For this experiment, we examine the impact of training model on one dataset and testing it on another one. The Hust19 dataset is first used only for training and for testing the model, Brazilian dataset is used. We also evaluated another scenario such as using Brazilian dataset for training the model and Hust19 is used as a test set. The result of this scenario showed a decline in the model performance as can be seen in Fig. 10, and one of the possible reasons behind this behaviour can be variation in images. The model could find out the patterns of one image indicating COVID-19 existence, but these may not seem in another dataset. Training on Hust19 and testing Brazilian dataset showed worse results since Hust19 training set is not like Brazilian dataset. Since vision transformer model poorly generalize on small dataset that could be a reason in worse performance when cross corpus data-set validation is performed.

Figure 10
figure 10

(a) Cross dataset Results (Train Brazilian & Test Hust19) (b) Cross dataset Results (Train Hust19 & Test Brazilian) (c) Cross dataset Results (Train Hust19 & Test COVIDx CT).

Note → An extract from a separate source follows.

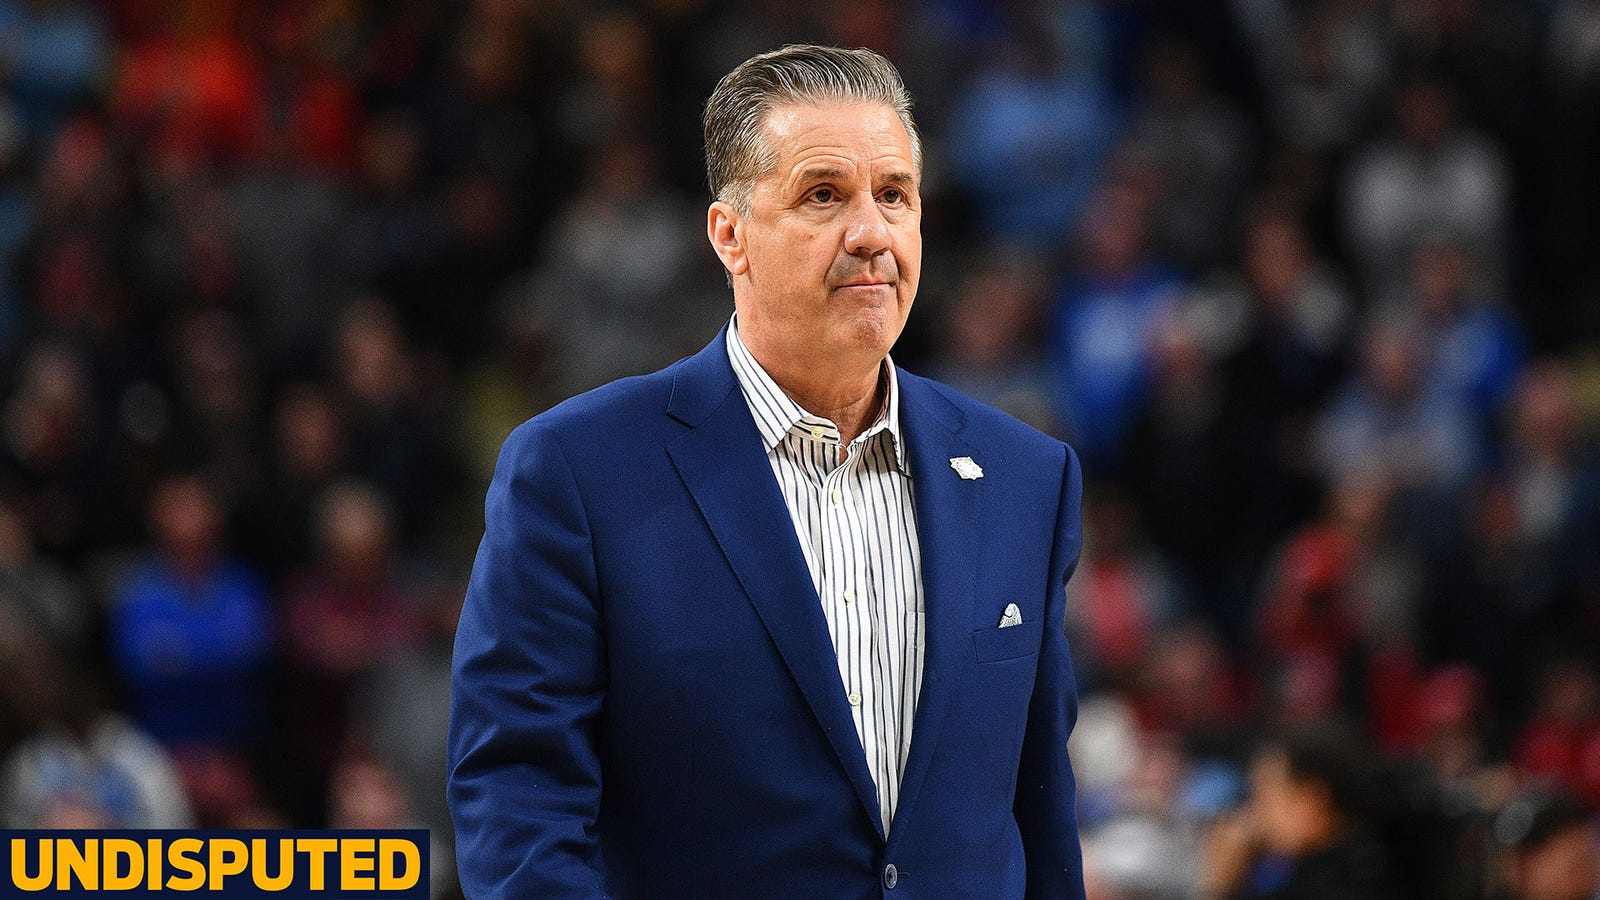 Kentucky ousted in 1st Rd of NCAA Tournament: time to move on from Calipari?

As we can see in Fig. 10c, precision and recall value of performing cross corpus between Hust19 and Brazilian dataset decreases rapidly although it was quite good in case of COVIDx CT dataset. Because Hust19 and COVIDx CT datasets are quite similar whereas Brazilian dataset was totally different from both datasets. Variation in images is high as compared to other datasets and number of images belonging to each variation are quite low. In case of training the model using Hust19 dataset and testing s performed using COVIDx dataset, proposed approach achieved accuracy of 94% which is higher than the existing studies29,30,31 having accuracy of 83.6% on Hust19 and 90% on their own dataset.

Discussion

Most of the classifiers performs well on binary dataset in comparison with multi-class dataset. However, classifiers accuracy on binary class dataset tends to be low as compared to multi-class data-set in proposed approach as depicted in Table 1. Binary dataset is heterogeneous and number of samples of CT scan images belonging to each variation are low. Whereas in multi-class dataset, image variation is quite low as compared to binary dataset and it comprises of a lot of images related to each variation. Thus, model performs better on multi-class dataset contrasted to binary class dataset. To evaluate the performance of proposed approach, tenfold cross validation is performed on binary and multiclass dataset as shown in Fig. 11a,b. Area under curve achieved in each fold (10 Fold Cross Validation) is represented in Fig. 11a,b.

Figure 11
figure 11

(a) 10 Fold Cross Validation results on Hust-19 Dataset (b) 10 Fold Cross Validation results on Brazilian Dataset.

Conclusion

We have proposed a self-attention Transformer based diagnosis approach for the diagnosis of COVID-19 using 3D CT Slices. Results of the proposed approach are comparable to the state-of-the-art methods and has attained the highest accuracy on binary and multi-class datasets. Results validate the proposition that the proposed model aachieves good performance in the COVID-19 diagnosis on Brazilian dataset while outperforms the other techniques in case of the Hust19 dataset. In addition, we found that by applying ensemble, proposed and CNN based algorithms on HUST19 dataset achieved a much higher accuracy than Brazilian dataset. To the best of our knowledge, this is the first work to carry out such analysis based on transformer vision for the COVID diagnoses and we believe that this is a major contribution of our work. Cross corpus dataset validation is performed to evaluate the model performance using different datasets for testing and training and thus achieving higher performance. This is also unique contribution, as only existing study performing cross corpus validation dropped its accuracy by 25%37. The self-attention transformer-based approach is of paramount significance for the methods intent to diagnose the COVID-19 in CT scan images. Moreover, proposed transformer vision approach can predict the quantification of COVID-19 based on the pixel values in the long-range relation-based maps. This can provide the assistance to clinicians in decision making with respect to the assessment of the severity of the COVID-19.